Однако в тот день ее обычный распорядок был нарушен. Известие о происшедшем в королевском кабинете инциденте застало Бланку еще лежавшей в постели, но уже не спавшей. Скомкав ритуал утреннего омовения до банального мытья, она наскоро перекусила, оделась и поспешила в покои Маргариты, где ее наваррская кузина как раз предавалась одному из своих любимых занятий — устраивала разгон фрейлинам и горничным, вымещая на них всю свою злость и досаду.
С появлением Бланки Маргарита наконец угомонилась и велела всем присутствующим, кроме Матильды де Монтини, убираться прочь. Когда дверь за последней из уходящих фрейлин закрылась, Бланка взволнованно спросила:
— Что случилось, кузина?
— Да ничего особенного, — сухо ответила Маргарита. — Какой-то полоумный пробрался на дворцовую площадь, вообразил, что это стрельбище, и принялся палить по окнам из арбалета. Его тут же схватили.
— А что с дядей?
— С ним все в порядке. Он отделался легким испугом.
— Правда? — облегченно вздохнула Бланка. — А мне говорили, что у него сердце…
— Глупости все! Он просто притворялся… Хотя сначала, может, и нет, у меня самой душа в пятки ушла, когда раздался грохот разбитого стекла, но потом он точно притворялся. «Ах, доченька, близится мой смертный час. Будь умницей, будь послушной, не огорчай больного старика…» Тьфу! А как только я дала ему слово, что к Рождеству выйду замуж, то он сразу воспрянул духом: «Милое дитя! Ты возвращаешь меня к жизни…» Нет, это надо же быть таким лицемером! Как глупо я выглядела, когда обливалась слезами, умоляла его не покидать меня, обещала сделать все, что он хочет, только бы он не умирал… — Она гневно топнула ножкой. — Попалась! Как малое дитя попалась! Папуля все-таки исхитрился заставить меня выйти замуж.
— За кого?
— Этого мы не уточняли. Хоть одно хорошо: отец оставил за мной право выбора из числа одобренных им кандидатур.

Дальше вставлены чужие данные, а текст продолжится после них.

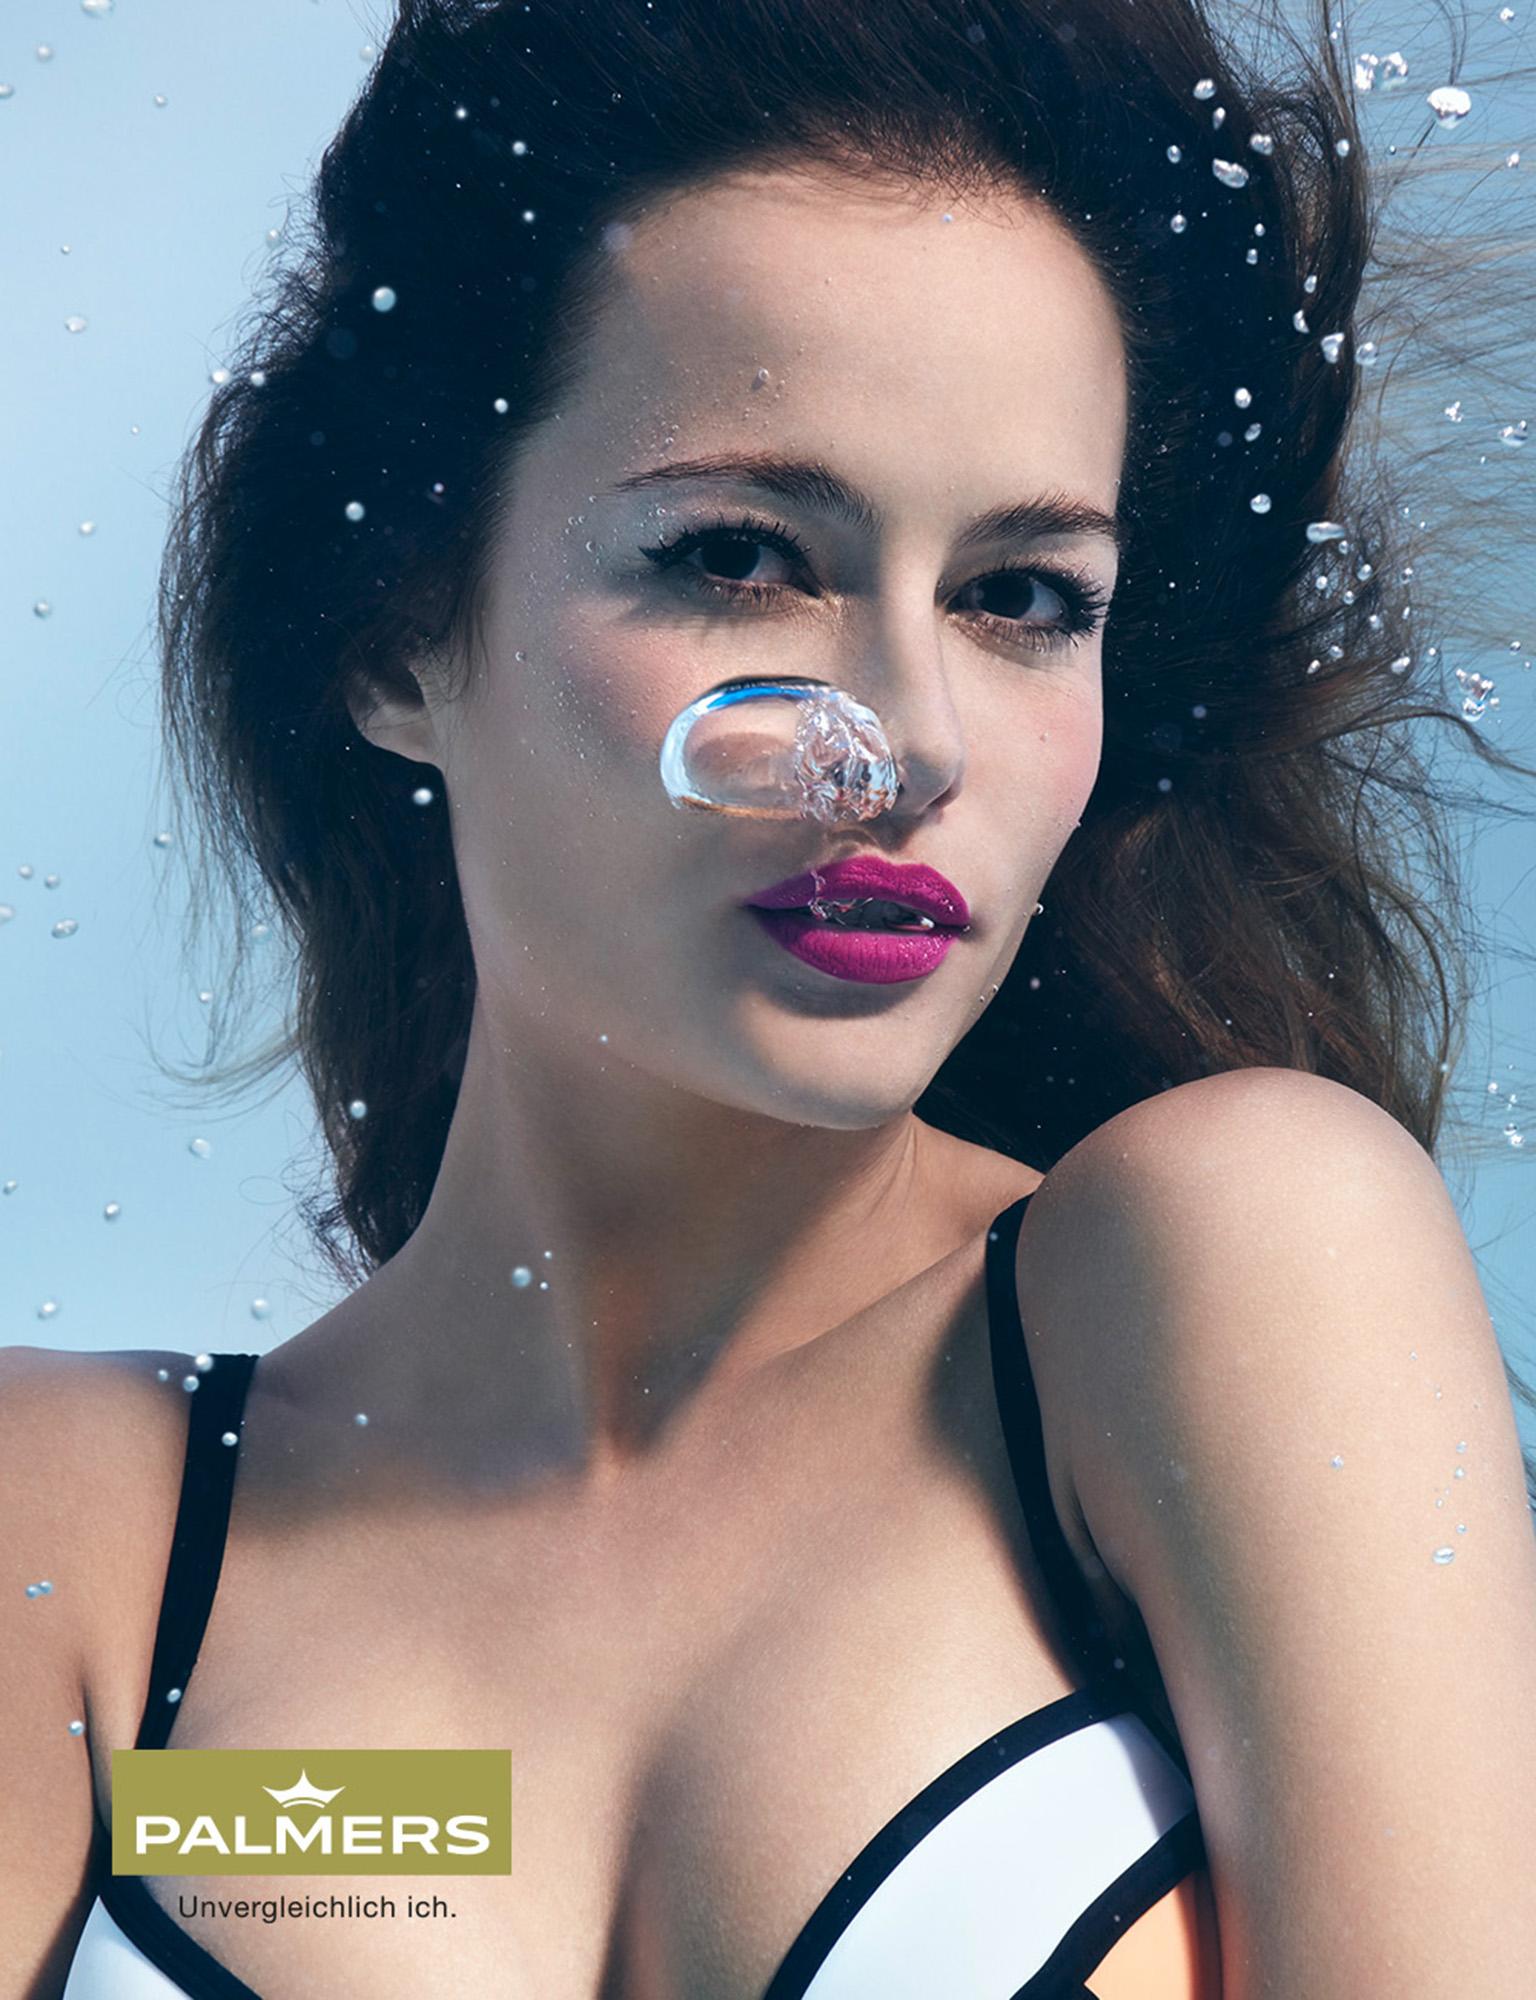 Susanne Stemmer portrait of girl underwater in black and white bikini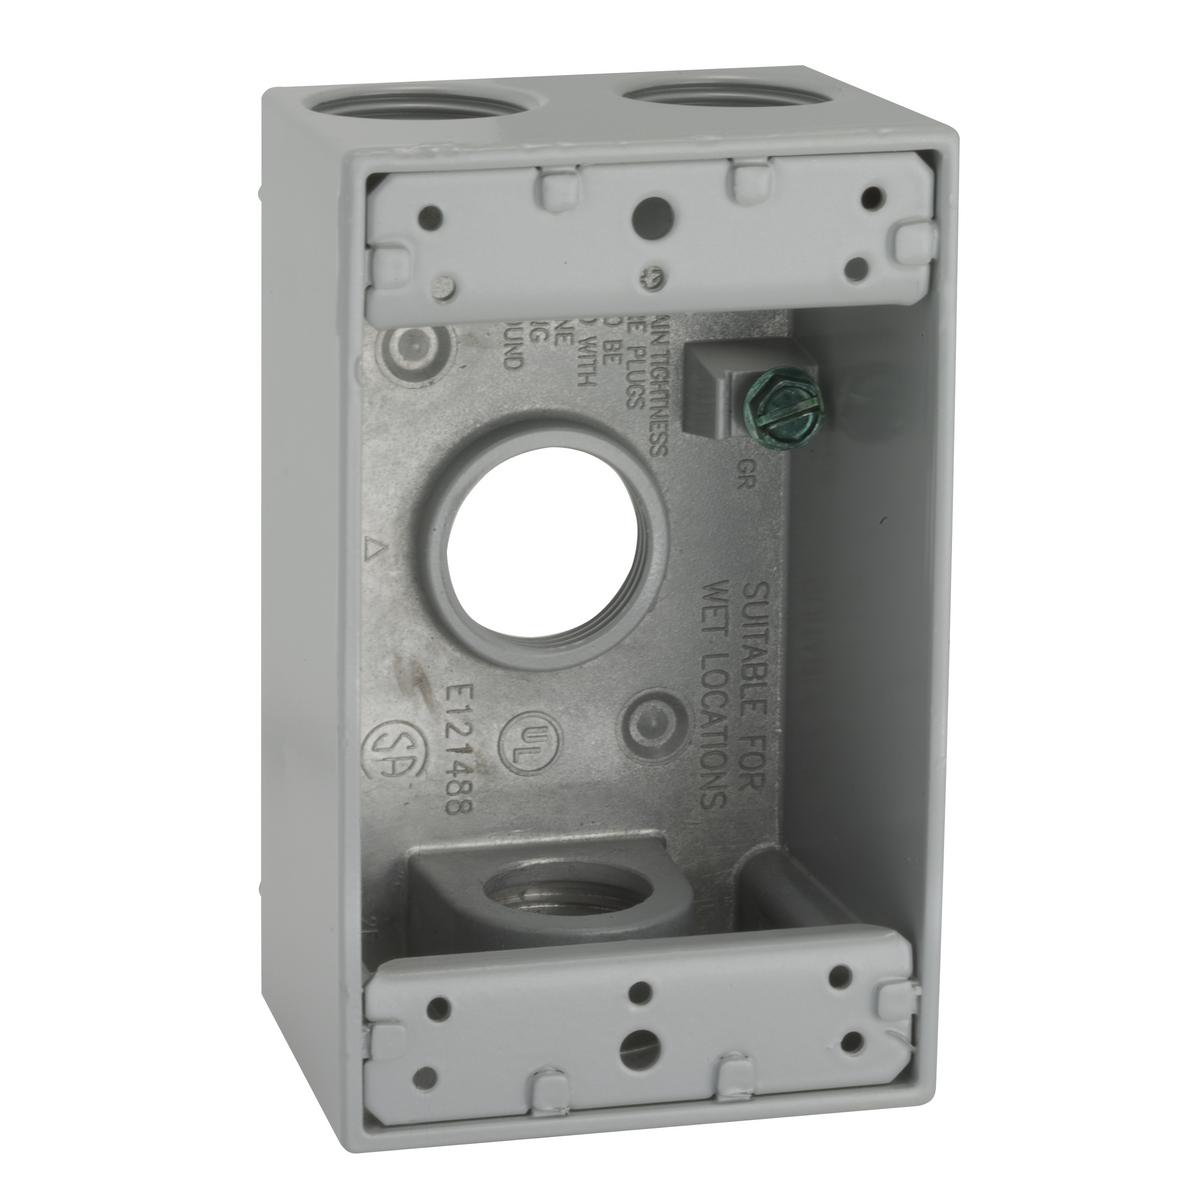 Hubbell-Raco 5330-0 BELL Gang Box

— И ты сдержишь свое обещание?
— А как иначе? Ведь я дала слово, к тому же… — Тут Маргарита слегка поежилась. — В конце концов, все обернулось не так уж и плохо. Могло быть гораздо хуже. Это свихнувшийся стрелок подвернулся очень кстати. Он спас меня от публичного унижения.
— Какого?
Маргарита вздохнула.
— Сегодня я чуть не доигралась. Отец получил такое заманчивое предложение, что едва не набрался решимости силой выдать меня замуж. Он даже назначил дату бракосочетания — четвертое сентября.
— И кто жених? Я его знаю?
— Еще бы не знать. Это Красавчик.
— Филипп Аквитанский? — переспросила кастильская принцесса, невольно краснея.
— Вот именно. Ваш дон Фелипе из Кантабрии. Видно, он уже нагулялся и решил обзавестись семьей. А заодно присоединить Наварру к Гаскони и с нашей помощью отобрать у своего дяди галльскую корону. Властолюбец!
— Из Филиппа получится хороший король, — заметила Бланка, отворачиваясь к окну. — В отличие от Робера Третьего, у него будет не только титул, но и реальная власть. Можно не сомневаться, он сделает Галлию великой страной.
— Что ж, тебе виднее, — сказала Маргарита. — Если ты так говоришь, то так оно и будет.
Дрожь в голосе Бланки вперемежку с горечью была ей хорошо знакома. Но это впервые кастильской принцессе изменило самообладание в присутствии посторонних, в данном случае — Матильды, что очень встревожило Маргариту. Жизнь Бланки при наваррском дворе с каждым днем становилась все более невыносимой, и в любой момент она могла сорваться — а это грозило непредсказуемыми, но наверняка весьма плачевными последствиями для всей наваррской королевской семьи.
Маргарита подошла к Бланке и обняла ее за плечи.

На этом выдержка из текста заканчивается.